Filing a charge of discrimination with the EEOC is protected activity. Whether a challenged employment action is materially adverse such that it is actionable is another story. An employment action is materially adverse in the context of a retaliation claim if a reasonable employee would be dissuaded from engaging in protected activity. What is considered adverse depends on the unique circumstances of each case. Clear examples of materially adverse employment actions include termination of employment, or a demotion with a pay cut, loss of benefits, or diminished job status or responsibilities. The plaintiff alleged that the Department unlawfully retaliated against him when it transferred him from law enforcement to courthouse duty. Generally, lateral transfers are not considered materially adverse employment actions unless they represent a significant alteration to an employee’s job duties, which could result, among other things, in diminished career prospects. Reassignment to less prestigious positions have also been considered materially adverse. However, the transfer in this case did not result in a pay decrease, other than a diminished opportunity for overtime compensation. The 7th Circuit concluded that the Department’s decision to accommodate the plaintiff with something different than what he requested was not an adverse employment action. Moreover, the plaintiff could not establish that the Department’s explanation–that the transfer was made to accommodate his pain–was pretext for retaliation. The 7th Circuit also found that the plaintiff provided no evidence that any of the other various job actions that the plaintiff alleged were retaliatory amounted to materially adverse employment actions. They would not dissuade a reasonable employee from exercising her rights.

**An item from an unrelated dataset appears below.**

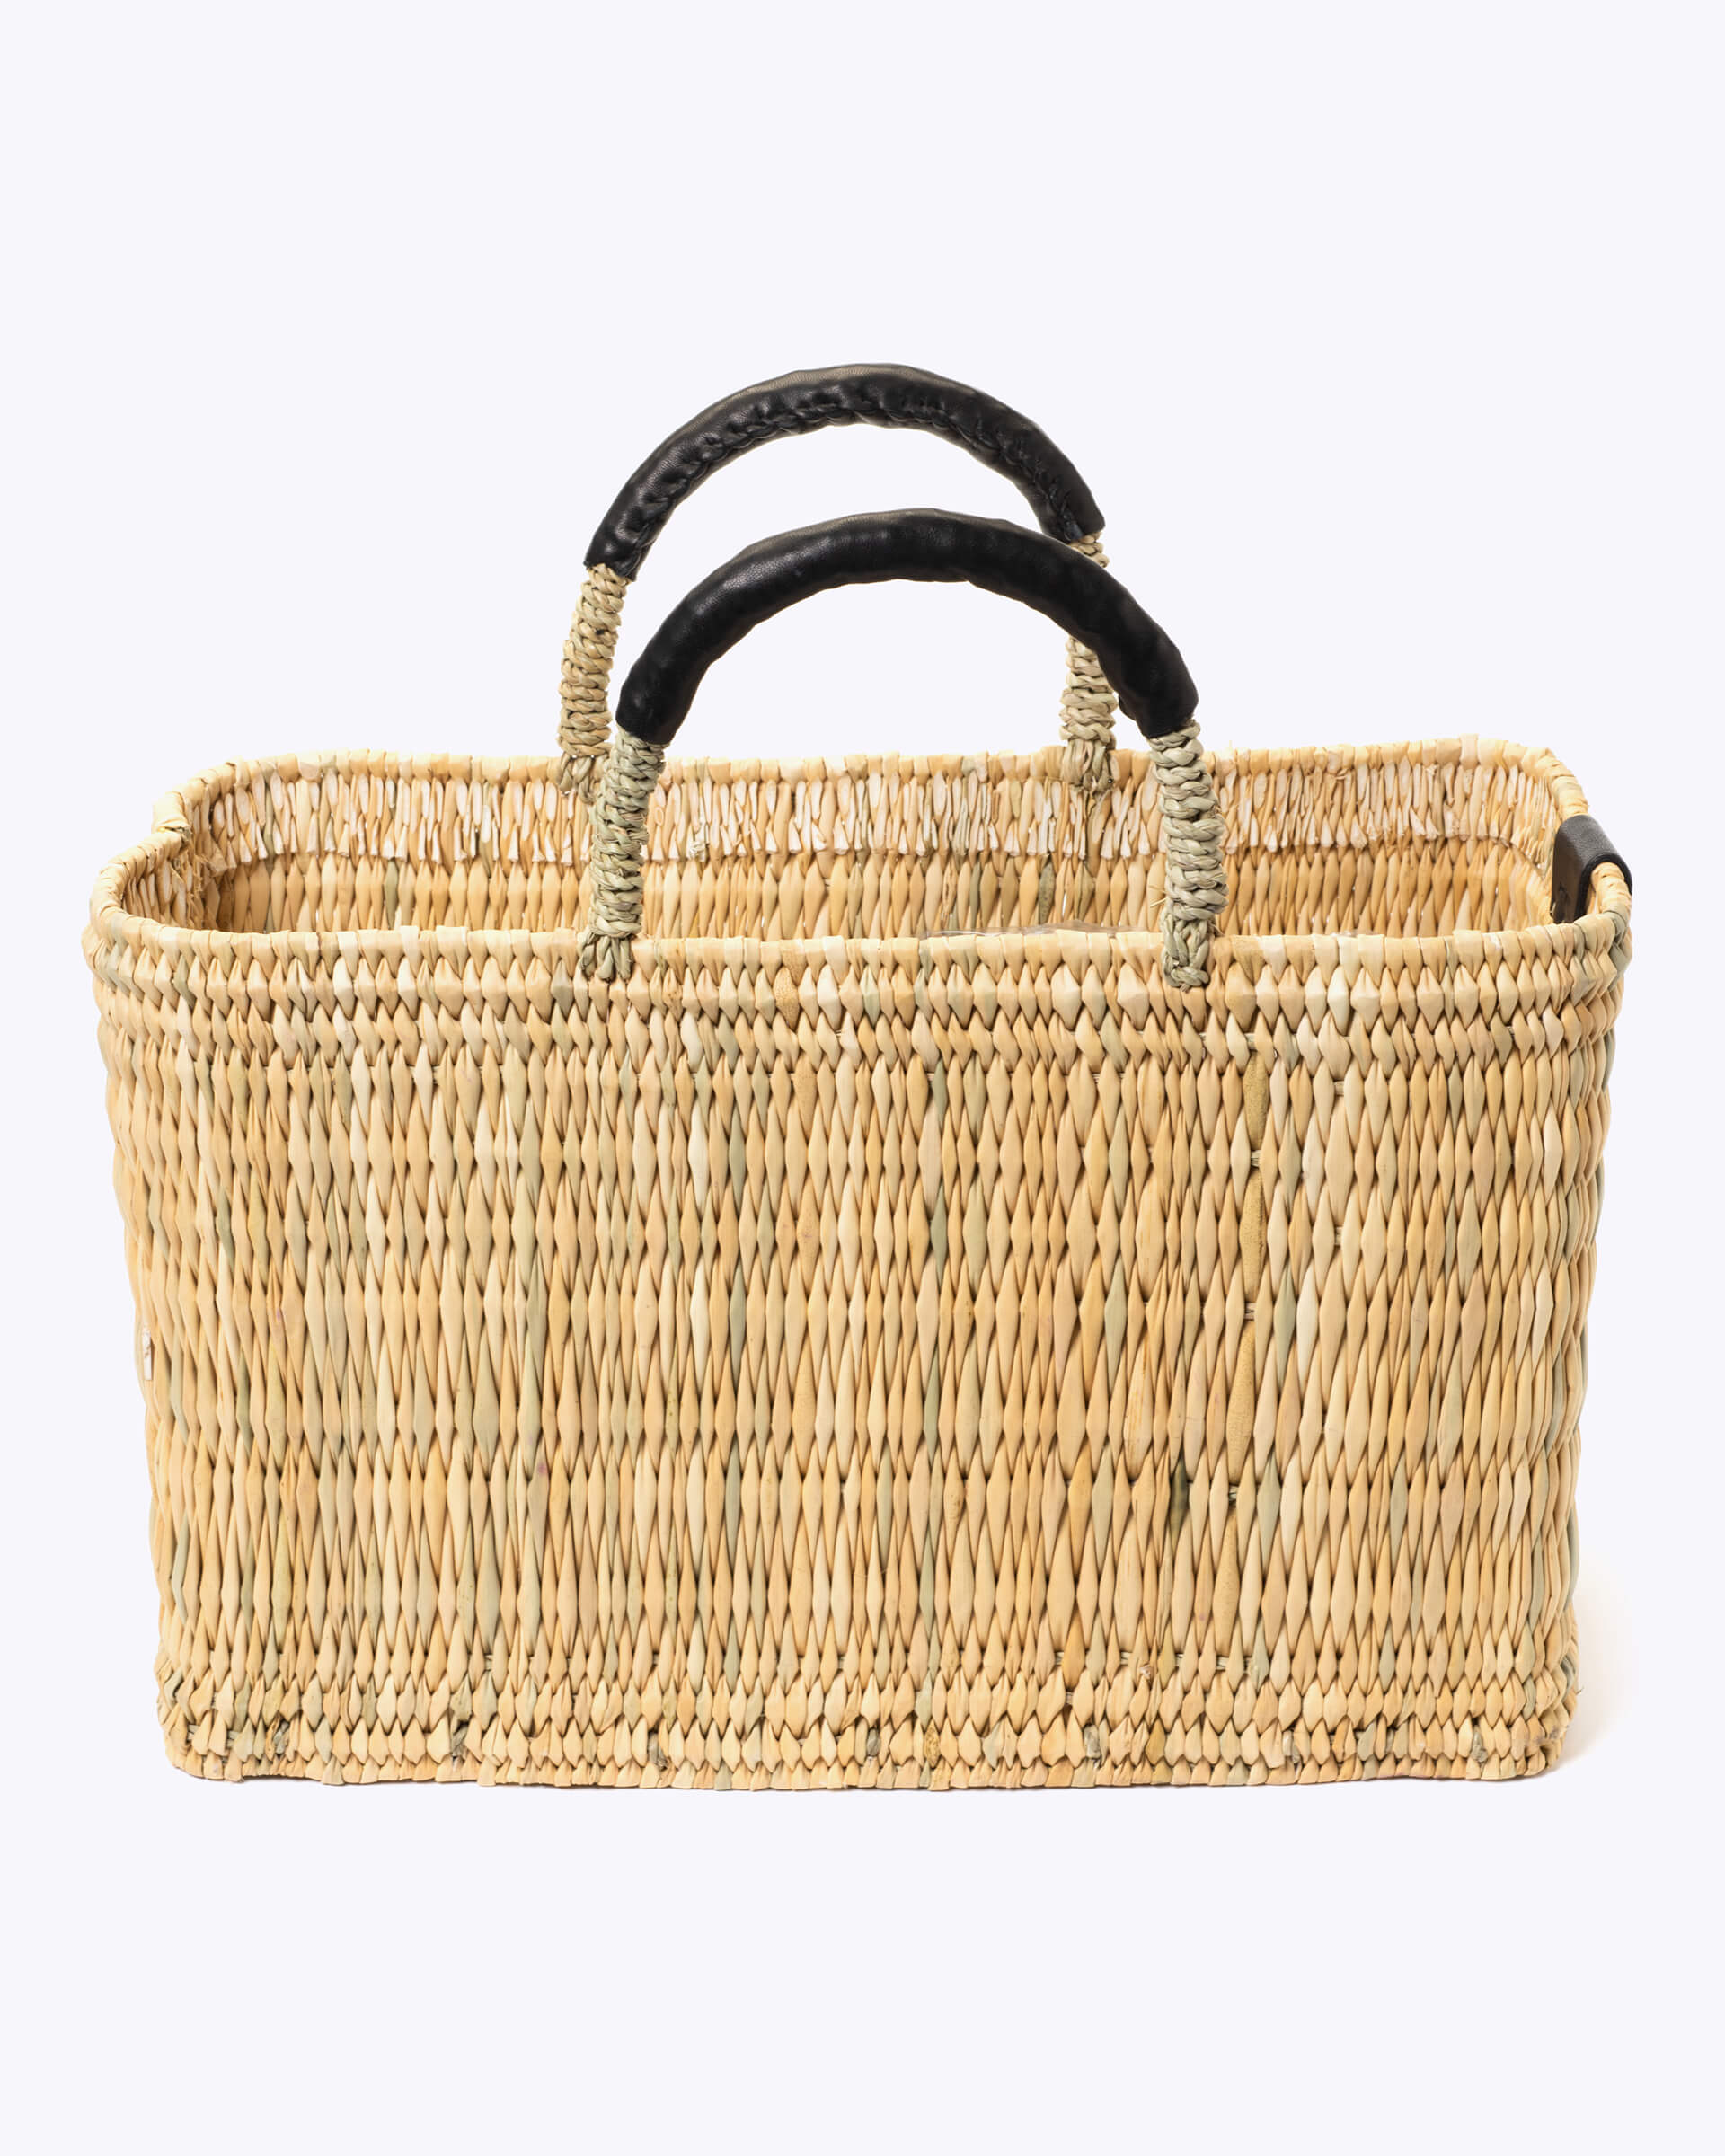 medium straw basket wrapped with black leather handle on a white background

7th Circuit Affirms Summary Judgment on Americans with Disabilities Act Lawsuit

On February 13, 2018, the 7th Circuit affirmed an order of summary judgment in favor of the defendant in a disability discrimination lawsuit in which the plaintiff alleged that her former employer fired her because of her disability, in violation of the Americans with Disabilities Act (“ADA”). Grussgott v. Milwaukee Jewish Day School, Inc., No. 17-2332 (7th Cir. 2/13/2018). The defendant argued that the First Amendment’s ministerial exception to employment discrimination laws, including the ADA, barred the plaintiff’s lawsuit. The district court agreed, concluding that the defendant, a Jewish day school, is a religious institution and that the role of the plaintiff as a Hebrew teacher for the school was ministerial.

The issue on appeal was whether the plaintiff was a ministerial employee. In 2012, the U.S. Supreme Court adopted the “ministerial exception” to employment discrimination laws, which essentially provides that based on protections under the Constitution, religious organizations are free to hire and fire their ministerial leaders without governmental interference. The open issue subject to litigation, however, is who is a ministerial employee, and, in this case, whether the plaintiff’s role as a Hebrew teacher is ministerial. The 7th Circuit concluded that she falls under the ministerial exception as a matter of law in view of her integral role in teaching her students about Judaism and the school’s motivation in hiring her, which demonstrate that her role furthered the school’s religious mission.